(Beginning of Supplied information)
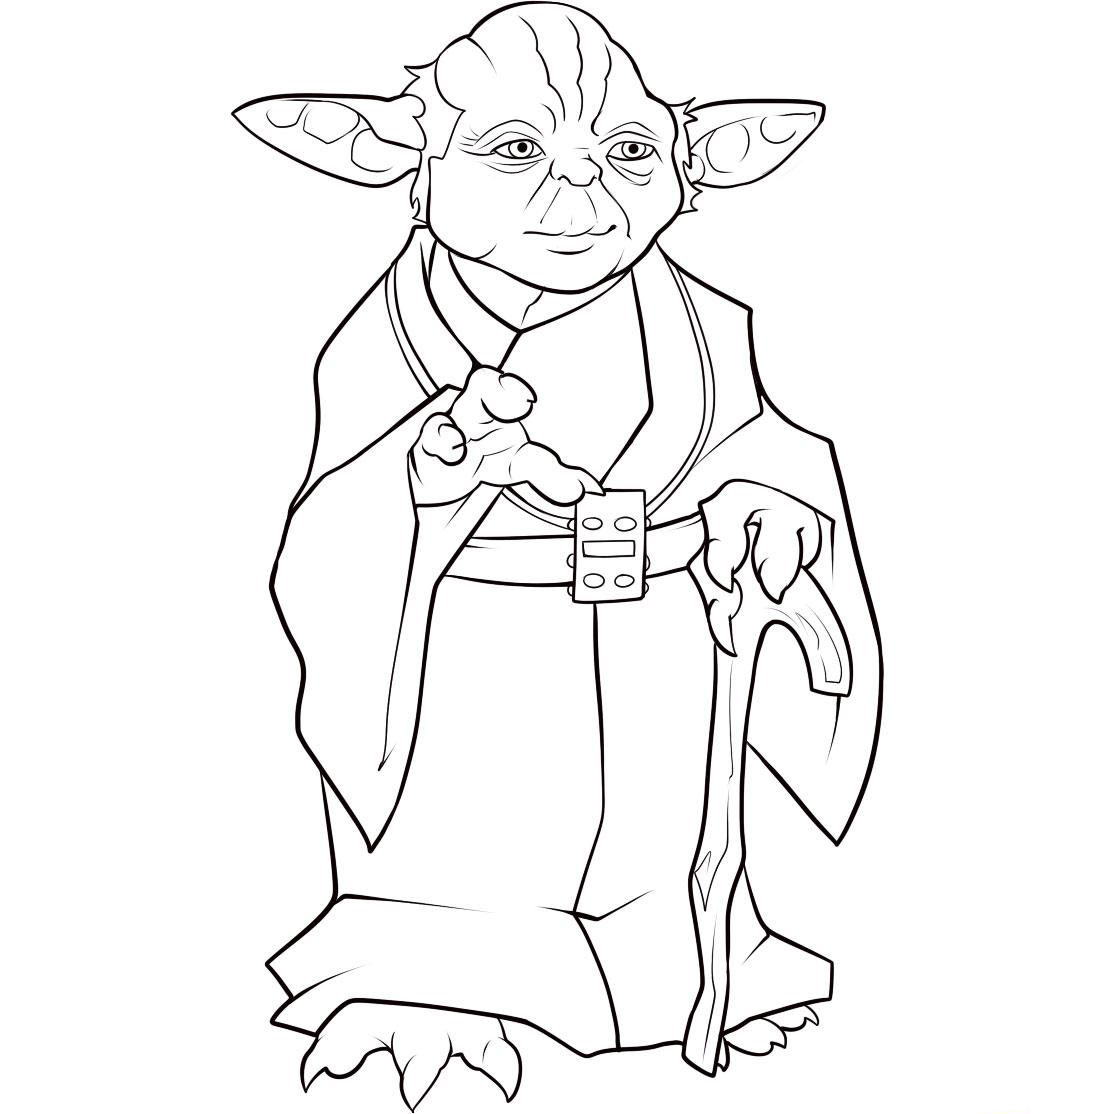 Yoda outline
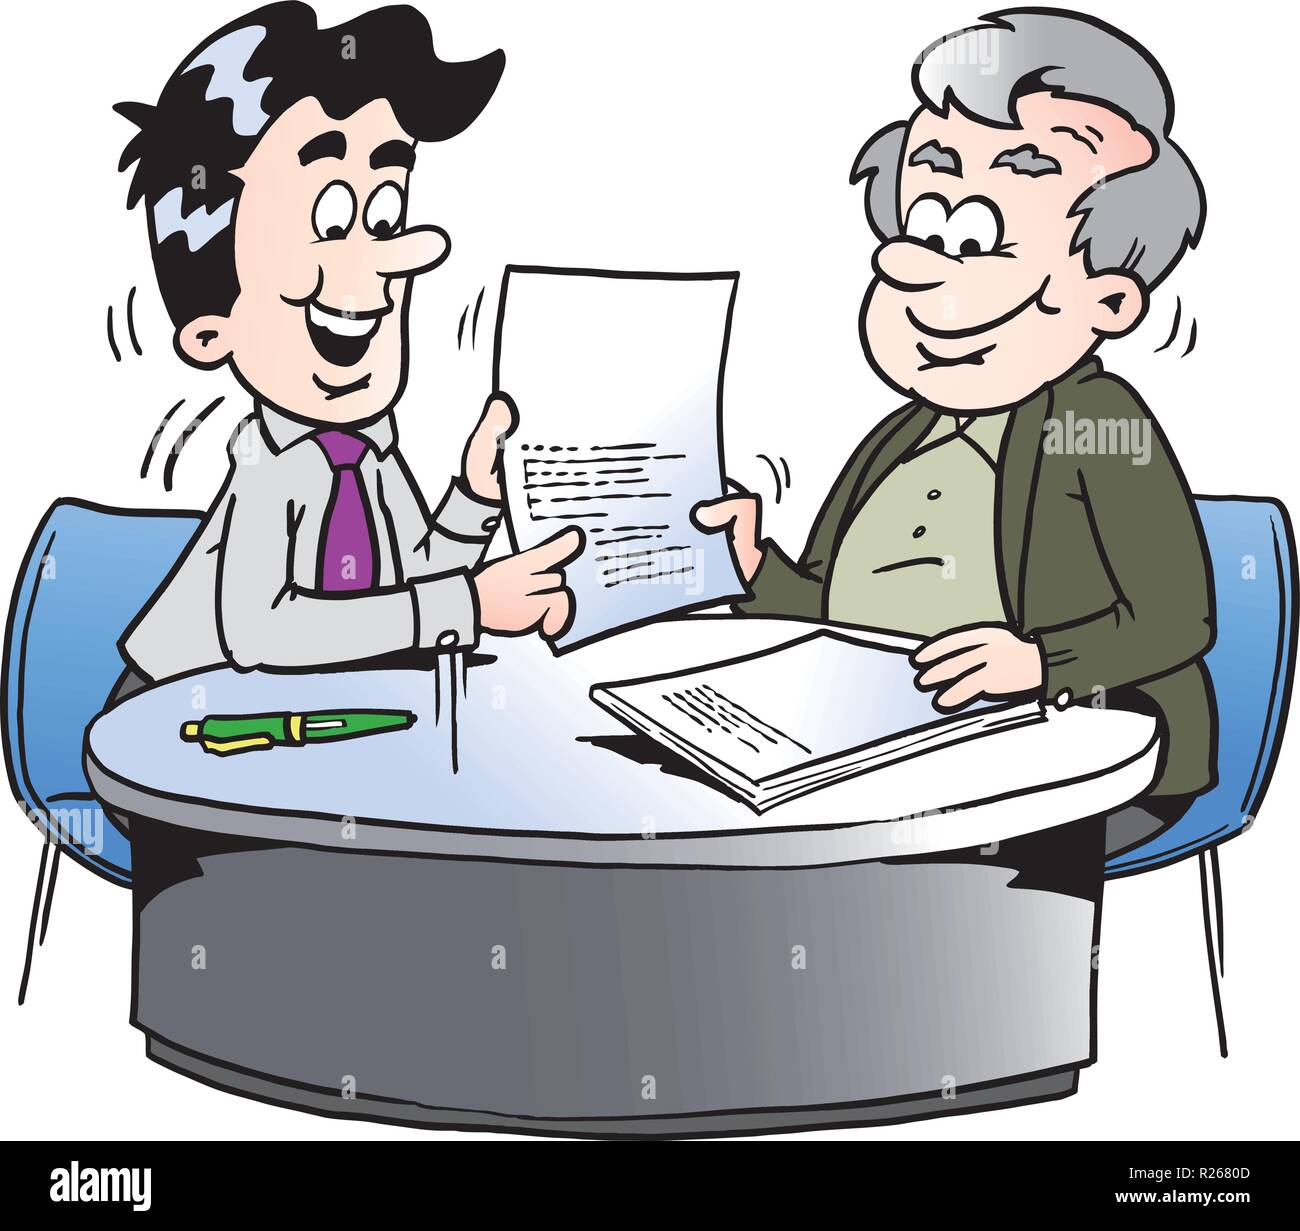 Cartoon Vector illustration d'un homme d'affaires et un homme plus âgé ayant une réunion d'affaires Illustration de Vecteur
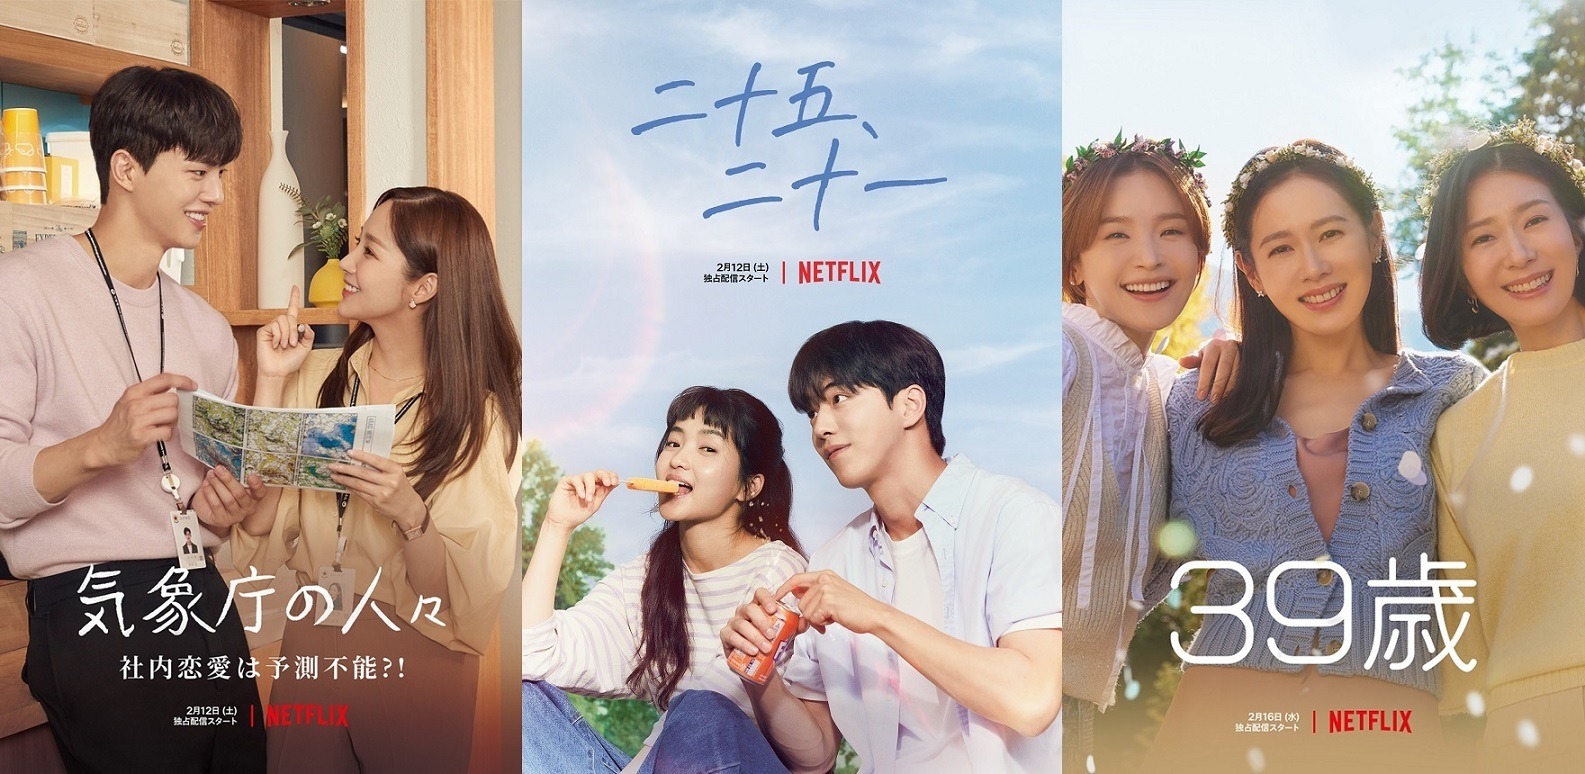 気象庁の人々 から 39歳 まで 沼落ち確定 Netflix韓国恋愛ドラマ予告編到着 Cinemacafe Net
(End of Supplied information)
Your goal:
In the copy, only the lines from the one holding "Cartoon Vector illustration" through the end of the listing above should appear, retyped exactly, both ends included, with no pictures.

Answer box:
 Cartoon Vector illustration d'un homme d'affaires et un homme plus âgé ayant une réunion d'affaires Illustration de Vecteur
 気象庁の人々 から 39歳 まで 沼落ち確定 Netflix韓国恋愛ドラマ予告編到着 Cinemacafe Net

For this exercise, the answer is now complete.